Both components client and server are released under strong copyleft licenses. However I noticed there are extra restrictions on client modification if the derivative app wants to connect to the Wire company server - that seems normal considering projects like Signal even forbid this from happening at all. They are aiming for a federated network anyhow so this restriction is less problematic long term.
Another point is contributions must happen under a CLA. Looking thru it: it seems a defensive agreement to make sure no one can abuse patents against them, copyrights are co-owned between contributors and them, promises that any contributions will be kept under an OSI or FSF license. Sounds reasonable.
Odd fact: signal (android app) does not work on a phone without google installed. Requires google services to run.
There’s more. I have a few online friends who keep dragging me into signal. But my main problem isn’t signal requiring google (which I’m not a fan of, for obvious reasons).
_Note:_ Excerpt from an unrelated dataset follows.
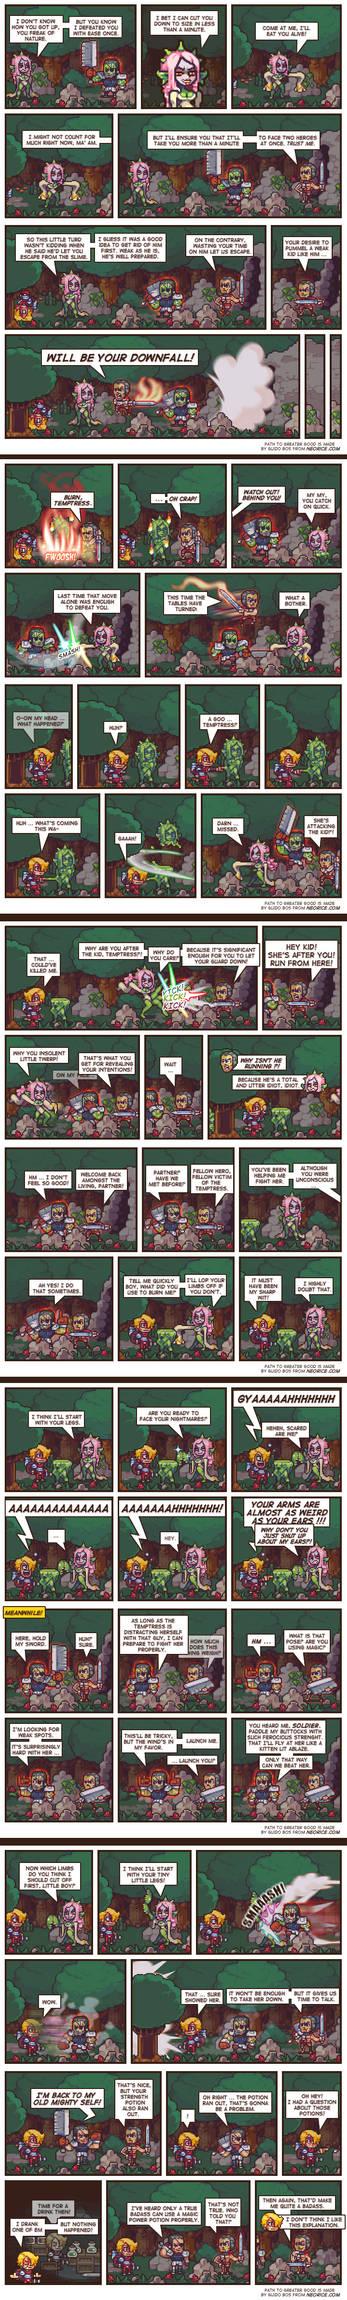 TOM RPG page 71-80

My problem is that I don’t own a cellphone at all. I was glad when the users won the Linux battle on PC, but very sad when they lost the whole war by surrending to iOS/Android on their shiny smartphones. Most likely I would not buy a phone until it will be possible to install a standard Linux distribution on it, like I can do on my PC. I did a very superficial search online and it looks like signal also has a desktop app. Yet, to register an account, one still needs to have a phone to receive some authorization code to it. I would be glad to hear your feedback on this if you have anything to add.